Les employés de la Corporation nationale de transport (CNT) ont accepté hier l’augmentation salariale de 19 % proposée par le gouvernement, à l’issue des négociations à la Victoria House, Port-Louis. Ceux présents à l’assemblée générale dans la soirée au Tamil Hall à Vacoas ont cependant voté pour une révision des conditions de travail avant la signature d’un accord avec les autorités compétentes. Les négociations reprendront le 30 juillet.
Le « deuxième round » des négociations salariales entre les syndicats et représentants de la Corporation nationale de transport (CNT) et le ministre du Travail, Shakeel Mohamed, ont abouti à un accord sur une augmentation salariale de 19 % : 15 % la première année, 2 % la deuxième et 2 % la troisième année. L’accord rentrera en vigueur le 1er août prochain.
À l’issue de trois heures de négociations dans la salle de conférence du ministère du Travail, des Relations industrielles et de l’Emploi, au premier étage de la Victoria House, syndicats et gouvernement sont tombés d’accord sur le taux de 19 %. Les discussions ont été laborieuses, les syndicats maintenant jusqu’au bout leurs propositions pour un quantum jugé satisfaisant à leurs yeux, même si par moments on entendait des éclats de rire provenant de la salle de conférences.
« Taux insuffisant »
Rencontrant la presse à l’issue des négociations, Reeaz Chuttoo, de la Confédération des Travailleurs du Secteur Privé (CTSP), Ashok Subron, de l’UBIW, et Deepak Benydin, du National Trade Union Congress (NTUC), ont été unanimes à saluer le sens de l’unité des employés. « C’est un taux insuffisant. Li pa pou sifi pou travayer transpor pou roul zot lakwizinn. Me se enn premie pa an avan. Ce n’est que le commencement d’un combat pour la cause des travailleurs », a soutenu Ashok Subron.

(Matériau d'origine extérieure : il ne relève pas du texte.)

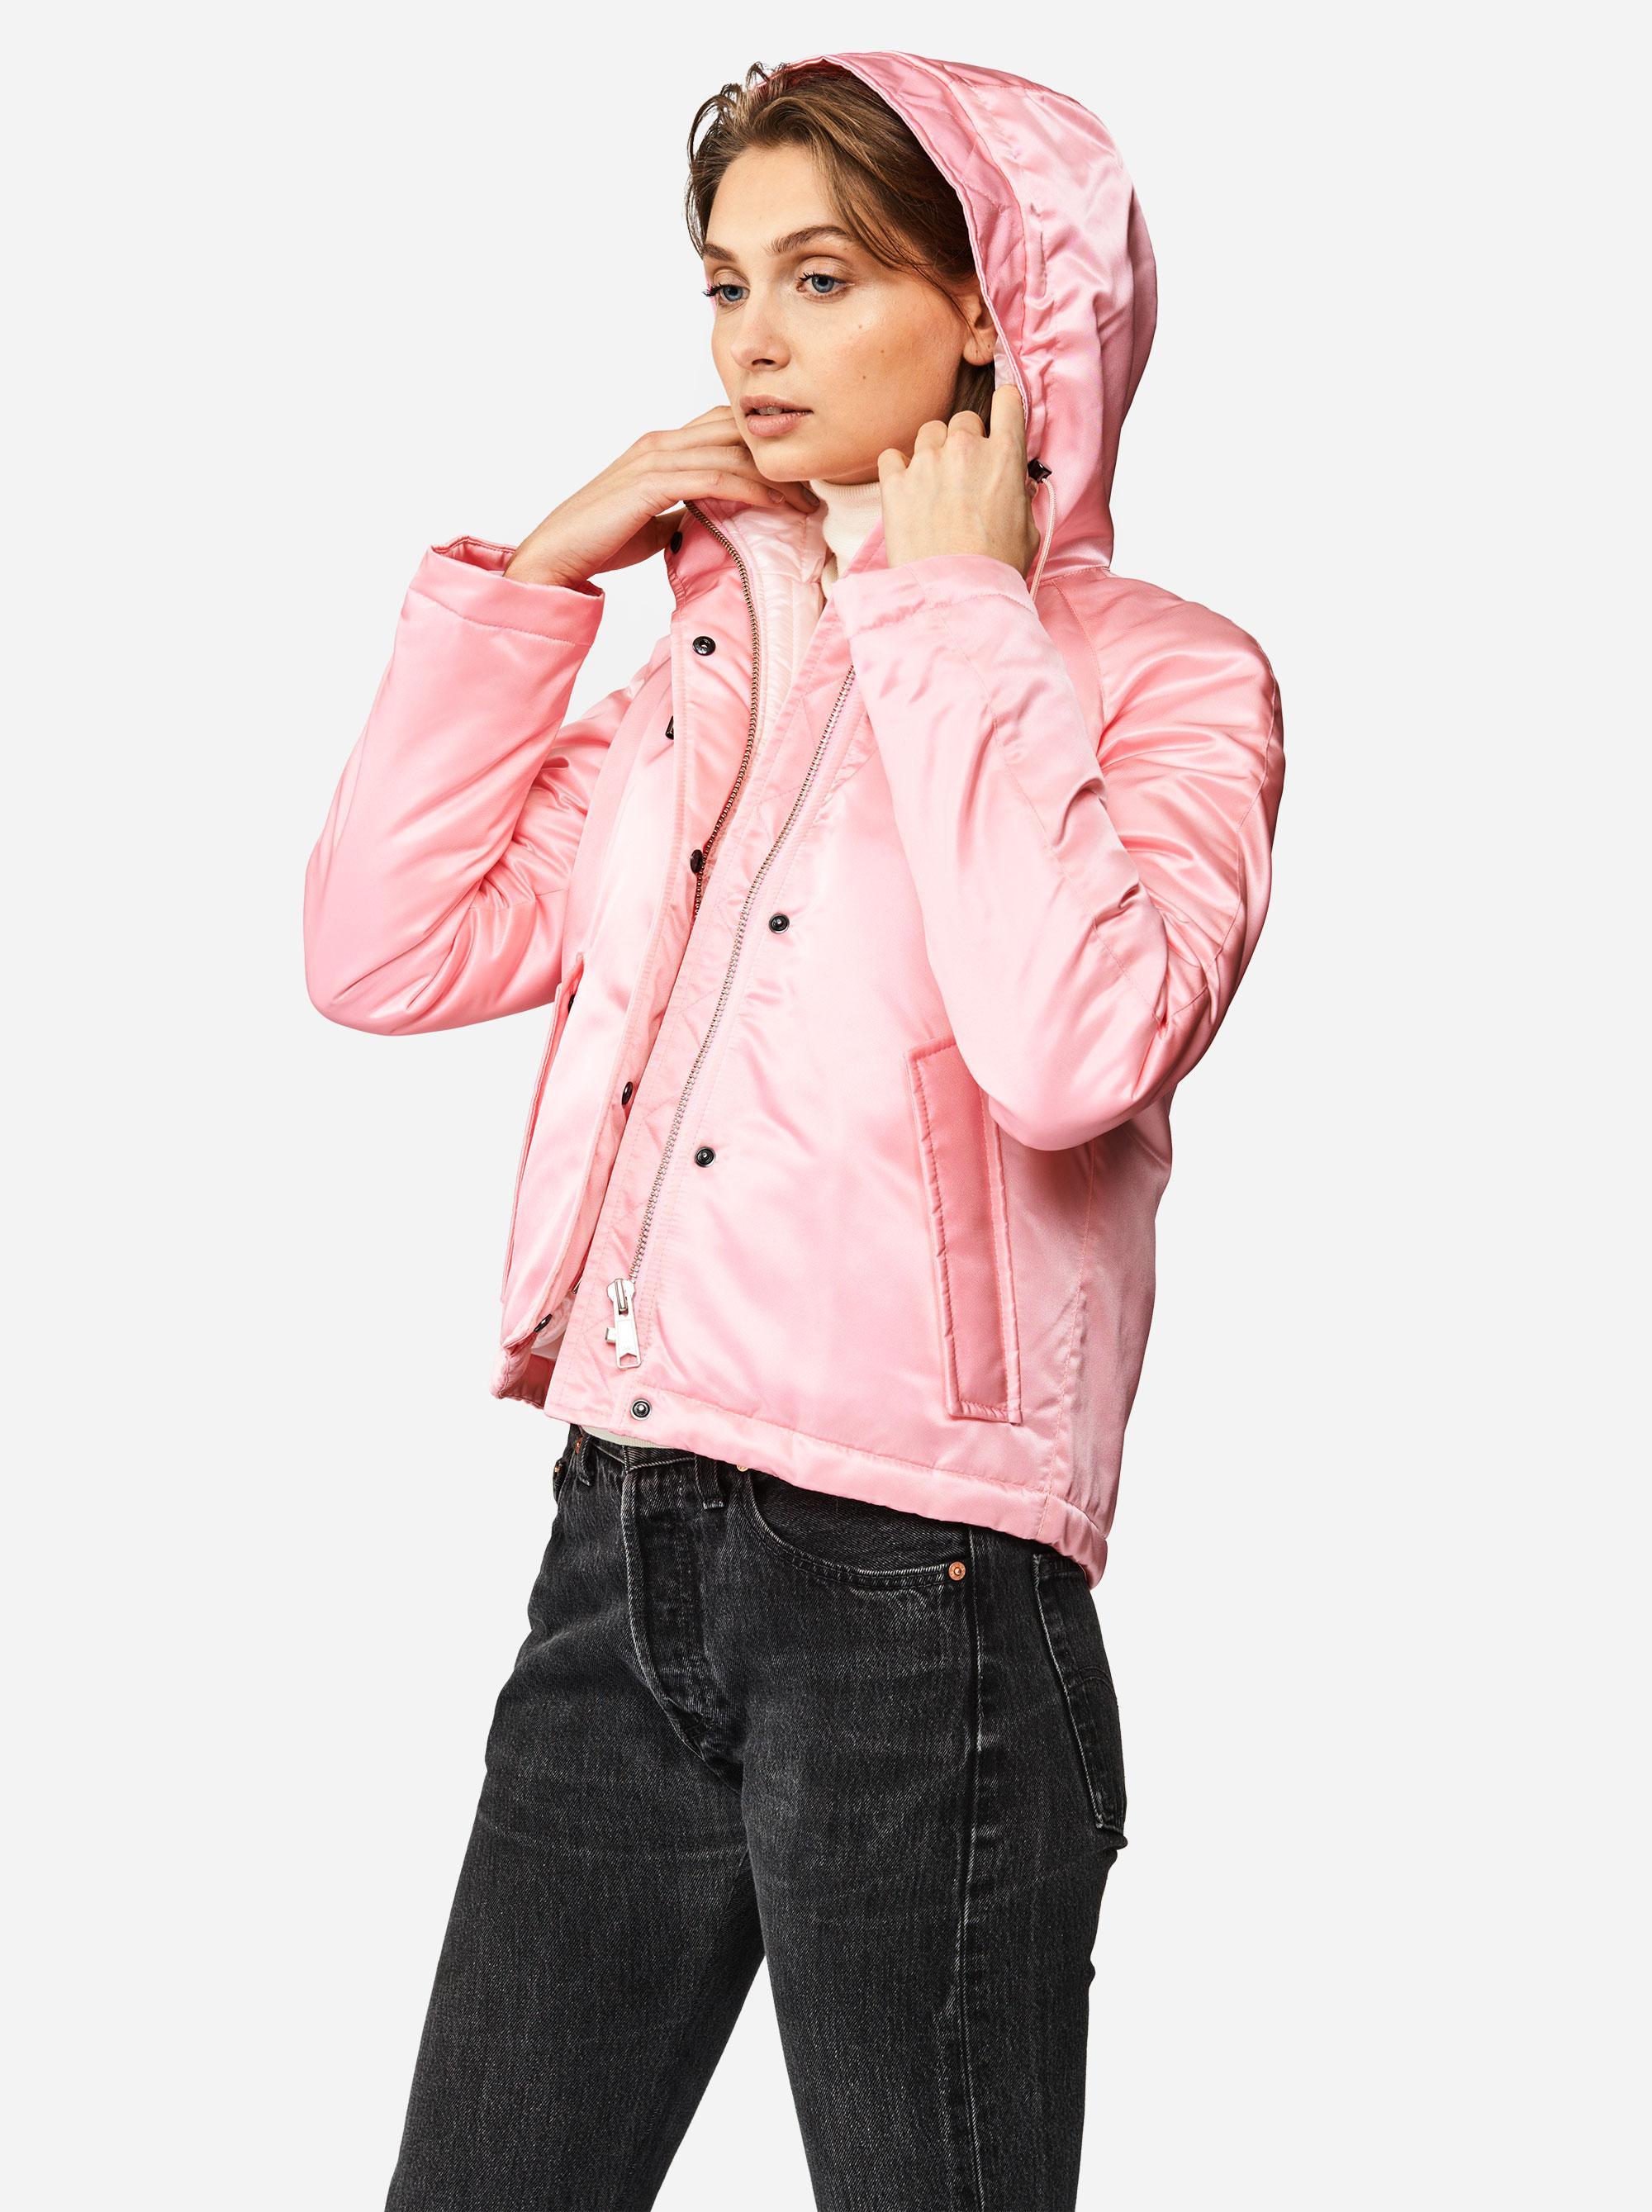 Teym - The Parka - Women - Pink - Short - 1
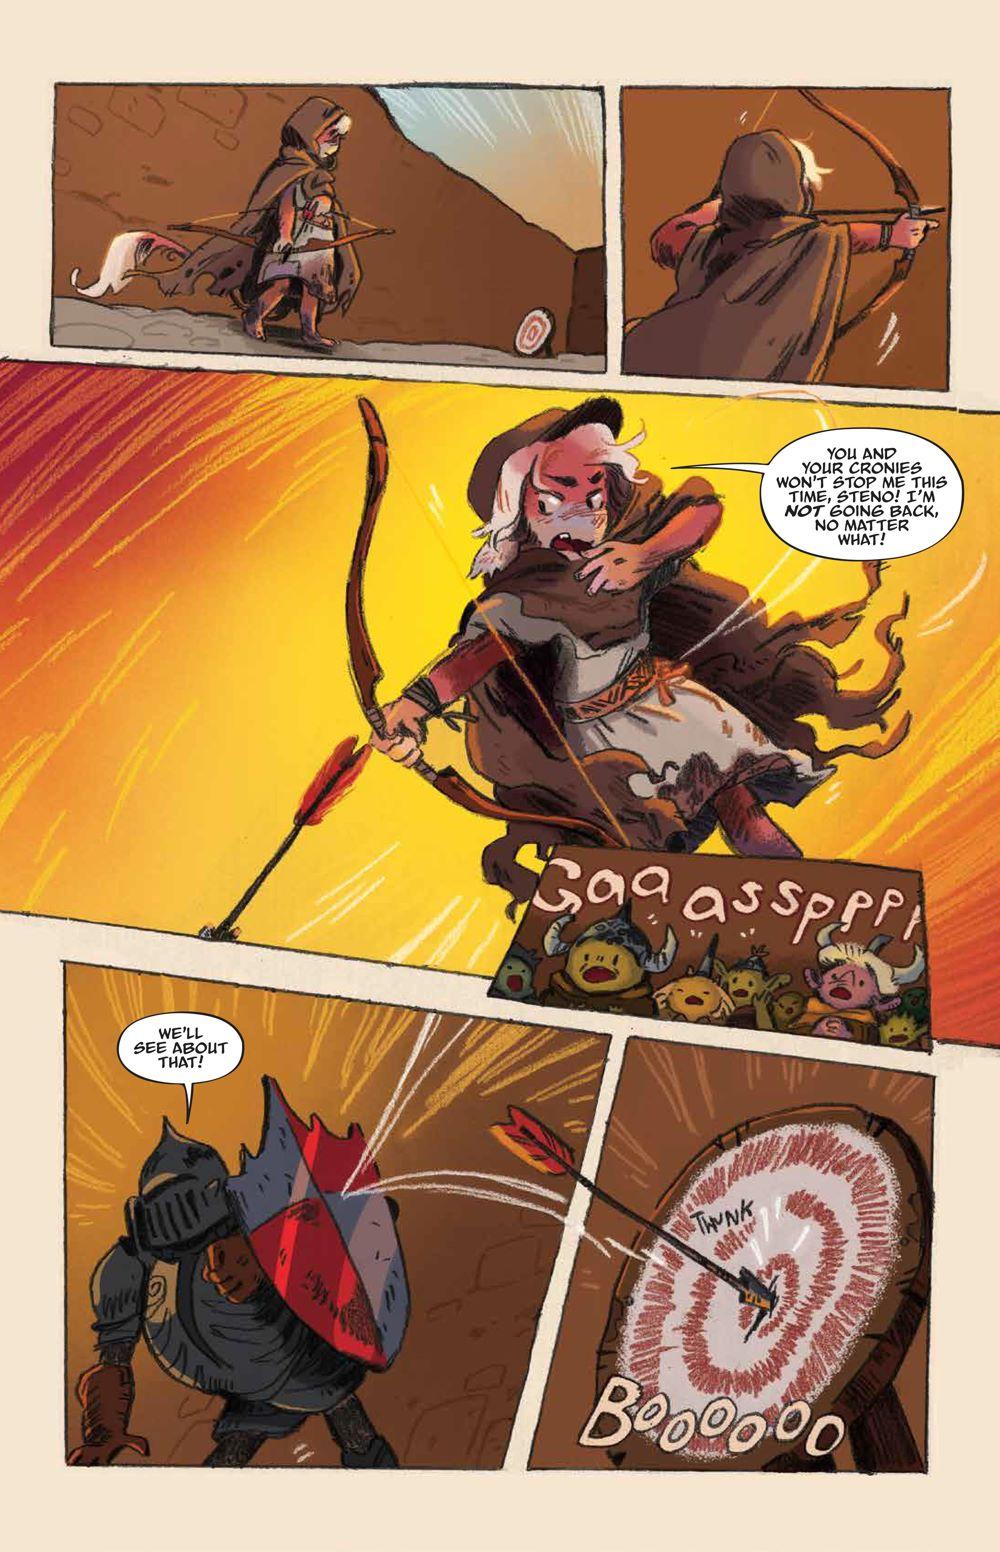 Labyrinth_UnderSpell_HC_PRESS_18 ComicList Previews: JIM HENSON'S LABYRINTH UNDER THE SPELL HC

Au cours de l’assemblée générale dans la soirée, la présidente du CTSP, Jane Ragoo, a abordé les grandes lignes des consultations tripartites, rappelant que le principal adversaire des syndicalistes en faveur des employés de la CNT, était le gouvernement. Reeaz Chuttoo a pour sa part salué la détermination des employés qui ont lutté pour la cause et les conditions des employés de la CNT. « Depi nou finn sorti dan negosiasion, finn ena bann traktasion pou fer nou sign lakor. Li or de kestion ki nou sign lakor tan ki pa ankor get kondision travay. Nou bizin disosie NRB de lakor kolektif », a-t-il lancé. Ashok Subron a, lui, soutenu que la signature d’un accord « lor ninport ki issue priverait les travailleurs de leur droit légal de grève en cas d’autres revendications ». « Nous ne pouvons signer d’accord sur une mesure alors qu’une trentaine d’autres attendent d’être négociées », a-t-il déclaré.
Reeaz Chuttoo a aussi rappelé à l’assemblée des travailleurs que l’augmentation proposée n’est pas un « cadeau » du gouvernement « me zot du, seki zot napa finn gagne pandan plizier lane ». Et d’expliquer : « 15 % ki zot finn gagne-la, li reprezant erozion salarial ki zot finn soufer ki etabli a 10 à 12 %. »
Ashok Subron concède quant à lui que c’est la grève du 26 juin qui a donné lieu au résultat obtenu hier après-midi. « Se lagrev, arm prinsipal bann travayer », a-t-il lancé. Le succès des négociations est, selon lui, une réalité grâce à l’unité syndicale. Deepak Benydin, de la NTUC, a également salué l’unité syndicale qui s’est créée tout en mettant l’accent sur la réduction de l’écart des salaires entre le privé et le public.
L’assemblée générale a cependant débuté avec quelques incidents ; certains représentants syndicaux en sont même venus aux mains. La tension est montée lorsque certains membres du syndicat ont reproché à Kishore Bholah, Workers Director, sa présence sur l’estrade. Les deux parties ont fait une déposition au poste de police de Vacoas.